» **PROBLEM TO SOLVE**
Any picture in the data below should be skipped, while every line is repeated exactly.

» **INFORMATION SUPPLIED**
[Start of Attachment]

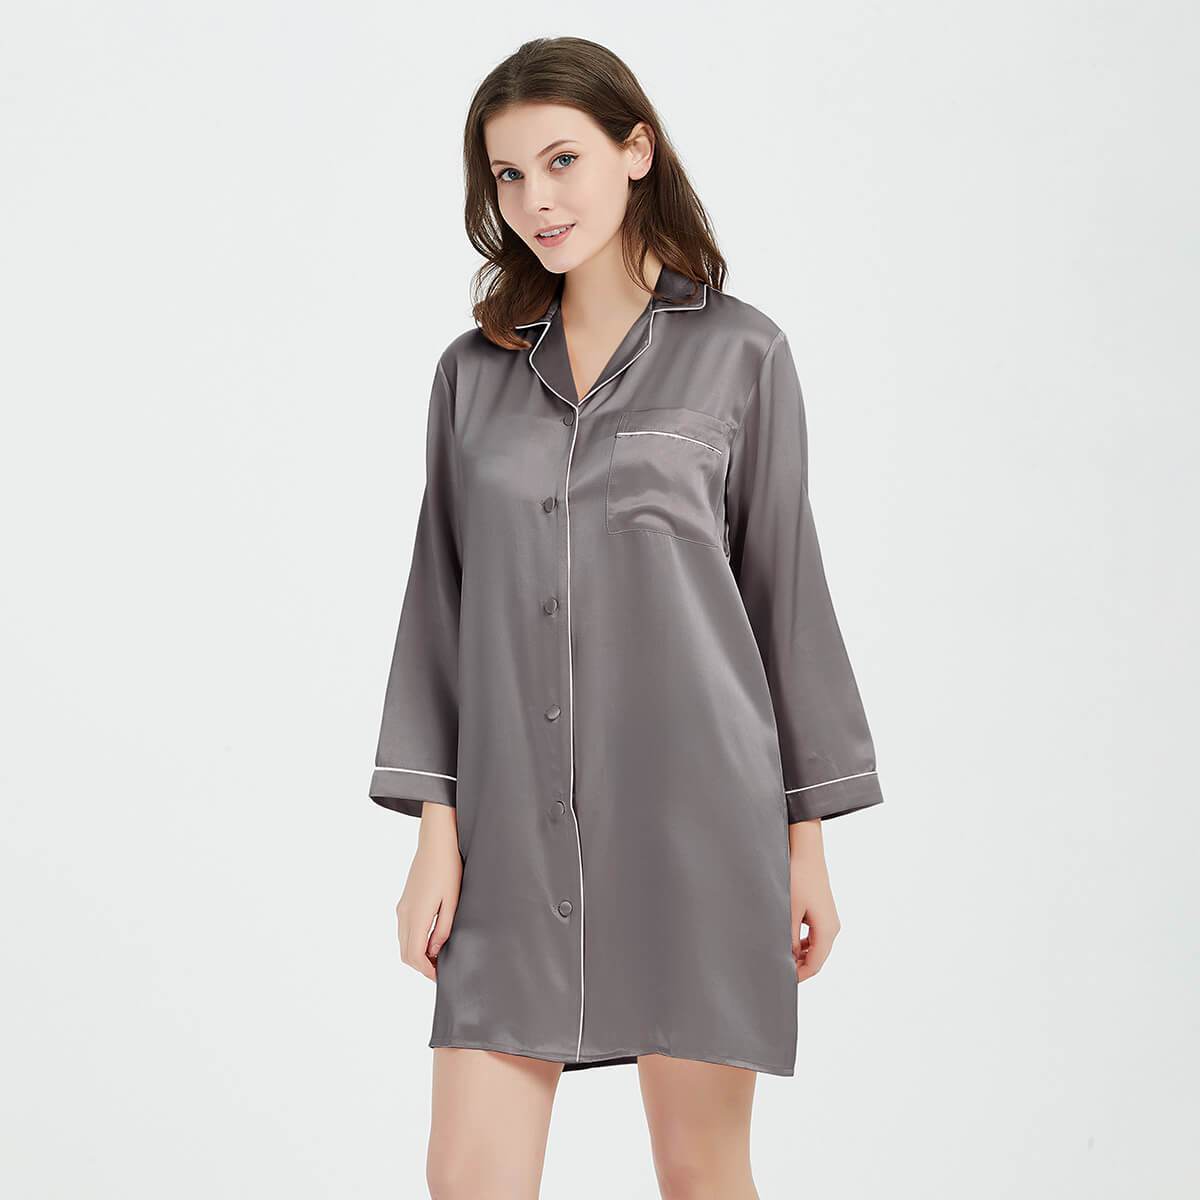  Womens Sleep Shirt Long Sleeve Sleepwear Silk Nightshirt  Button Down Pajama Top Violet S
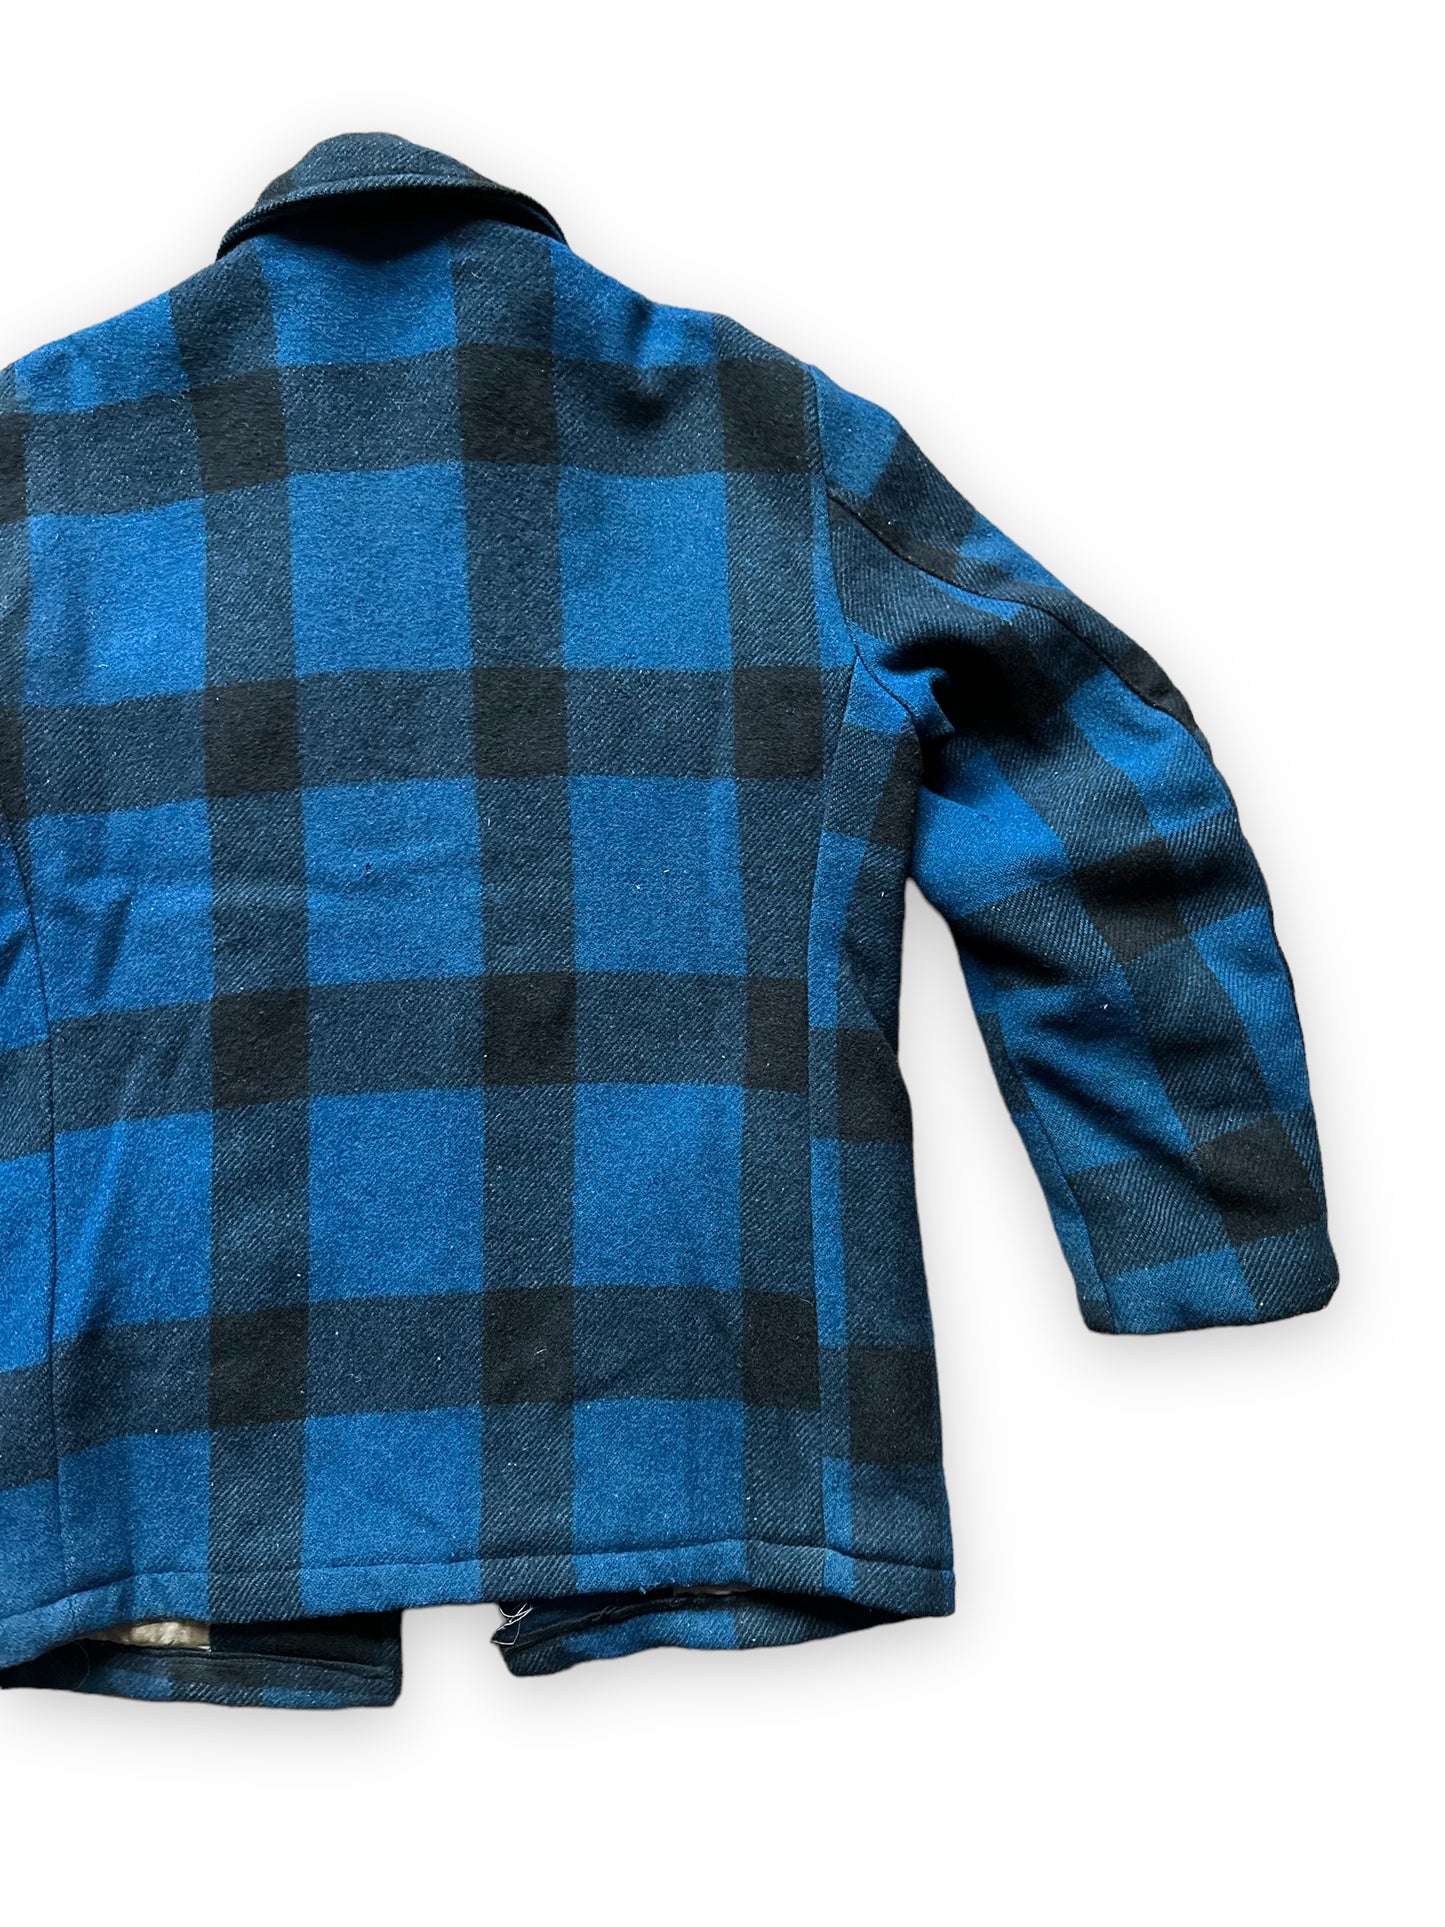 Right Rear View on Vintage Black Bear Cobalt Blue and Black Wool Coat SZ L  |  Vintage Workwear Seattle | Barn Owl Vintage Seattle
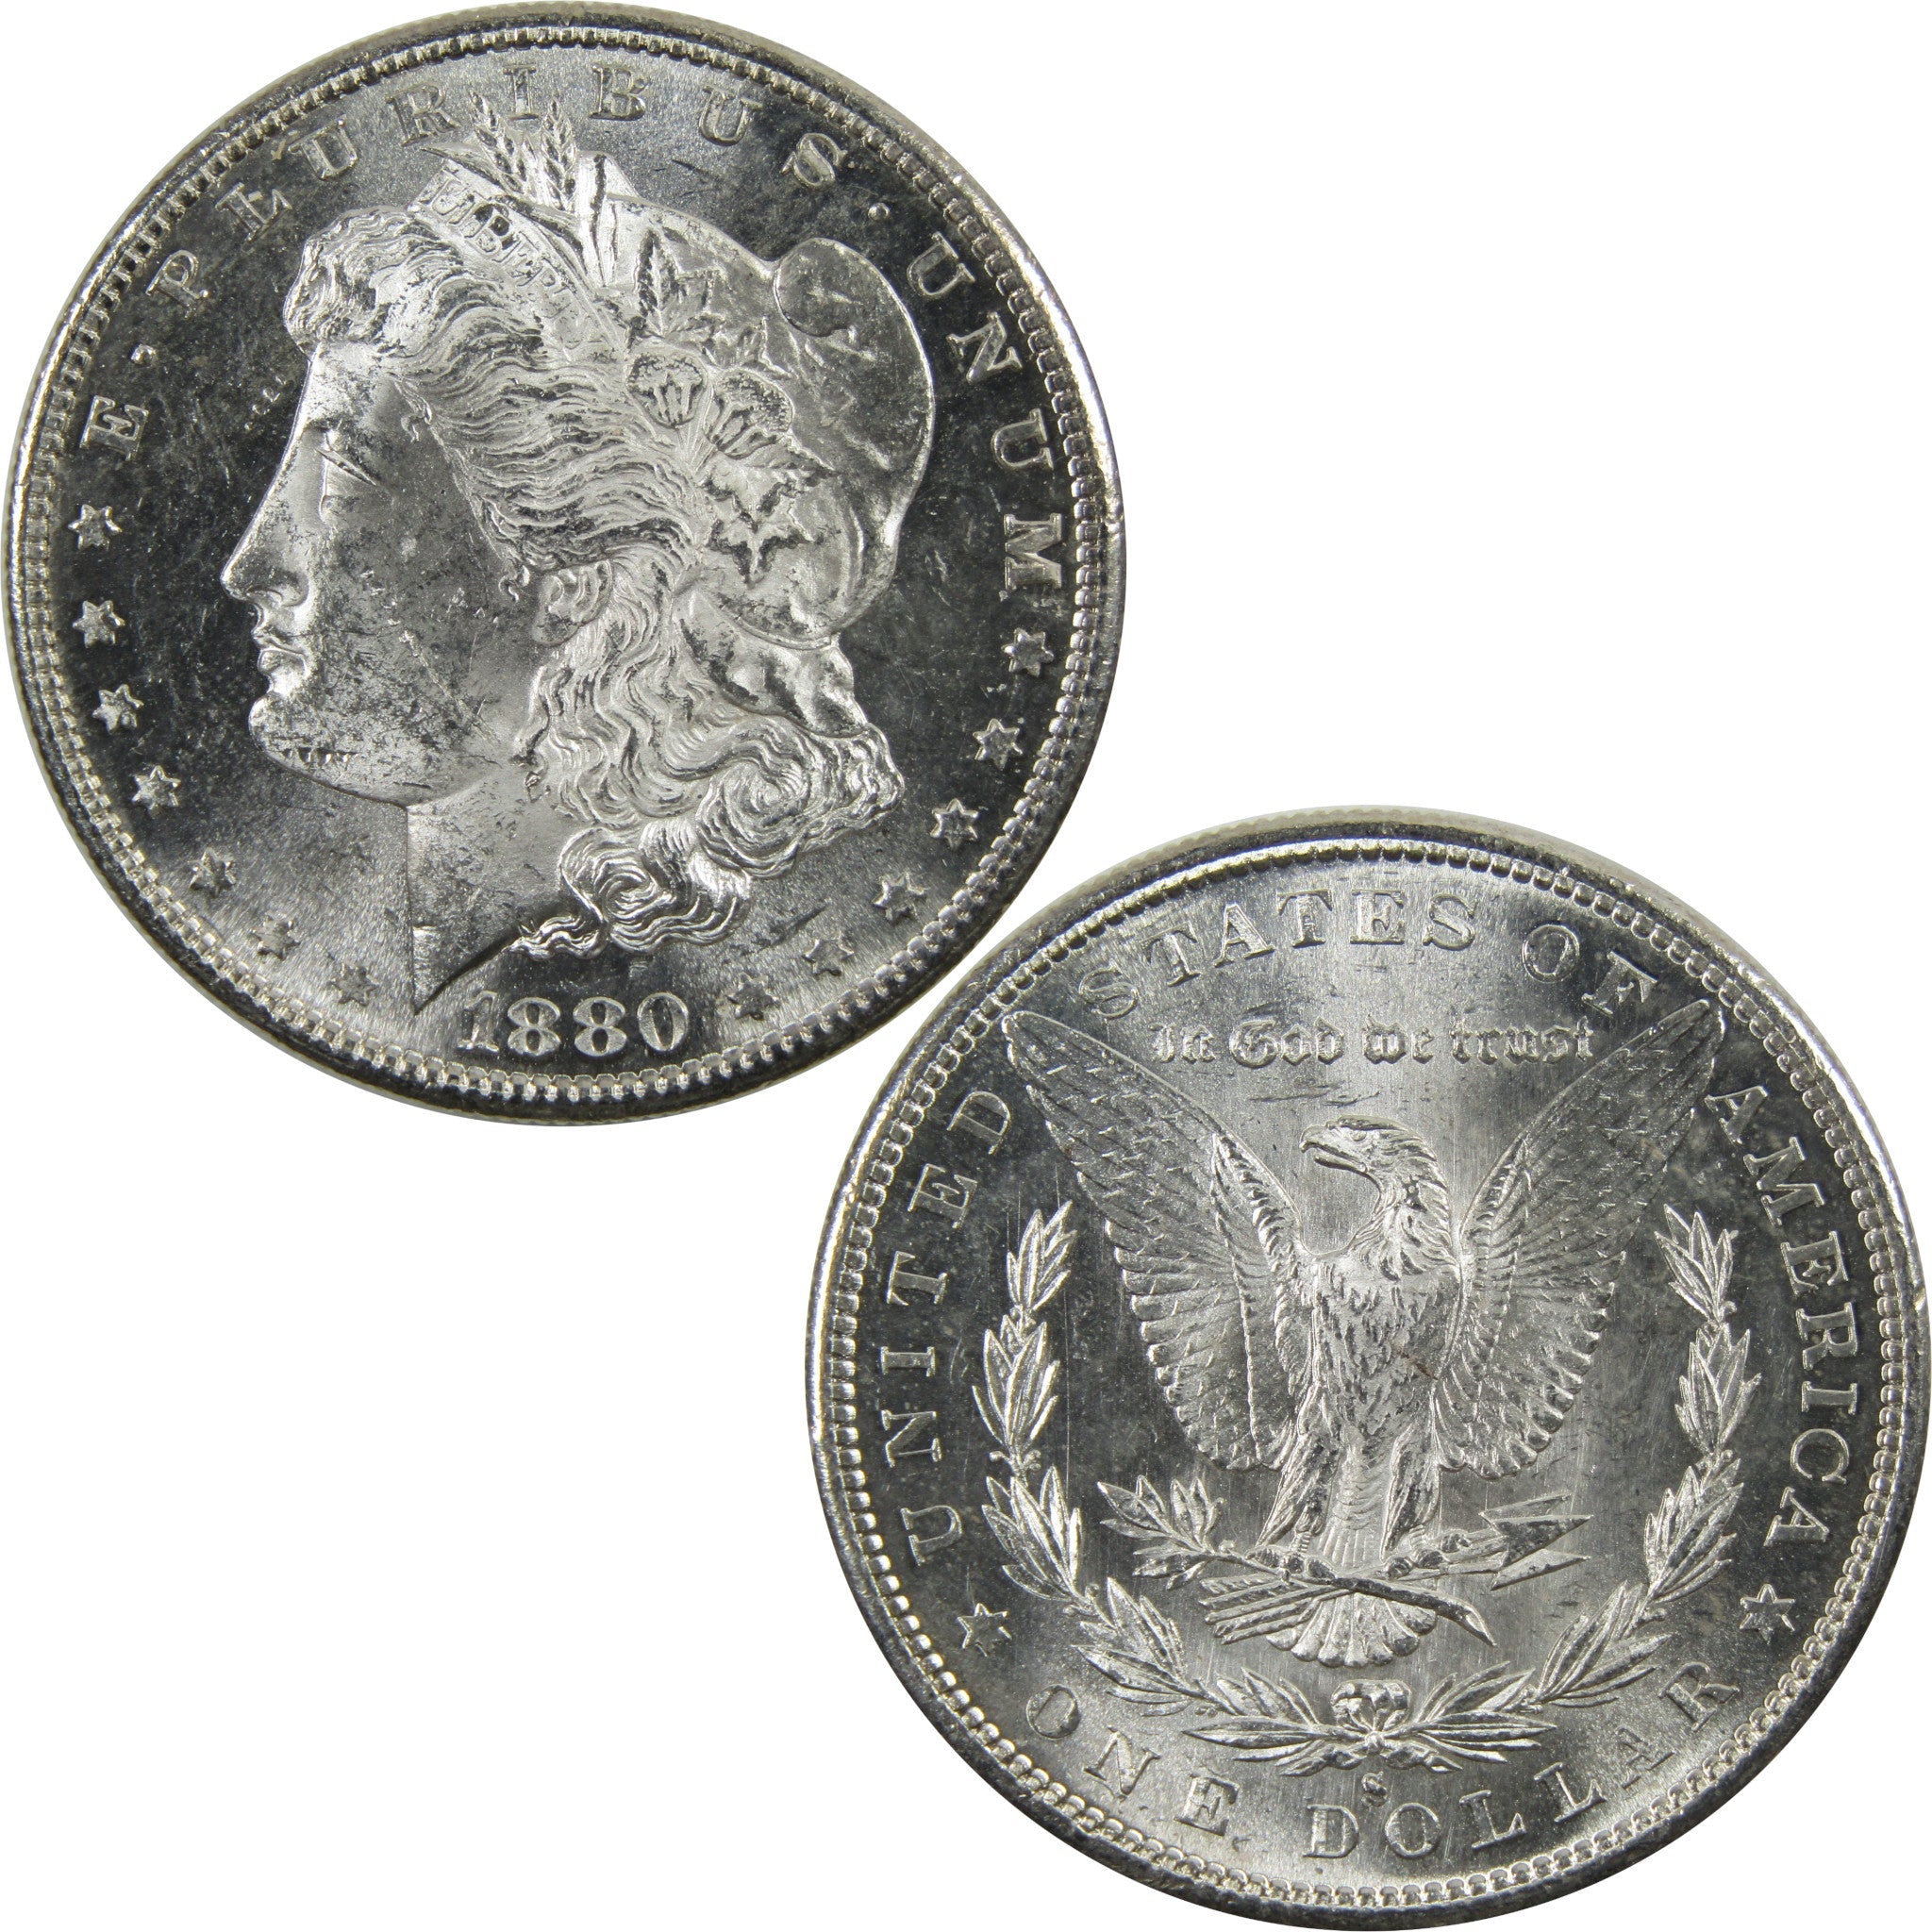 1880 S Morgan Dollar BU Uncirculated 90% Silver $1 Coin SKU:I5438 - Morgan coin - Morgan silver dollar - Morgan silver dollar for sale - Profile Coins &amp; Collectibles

[End of Attachment]

» **REPLY TO THE EXERCISE**
  Womens Sleep Shirt Long Sleeve Sleepwear Silk Nightshirt  Button Down Pajama Top Violet S
 Right Rear View on Vintage Black Bear Cobalt Blue and Black Wool Coat SZ L  |  Vintage Workwear Seattle | Barn Owl Vintage Seattle
 1880 S Morgan Dollar BU Uncirculated 90% Silver $1 Coin SKU:I5438 - Morgan coin - Morgan silver dollar - Morgan silver dollar for sale - Profile Coins &amp; Collectibles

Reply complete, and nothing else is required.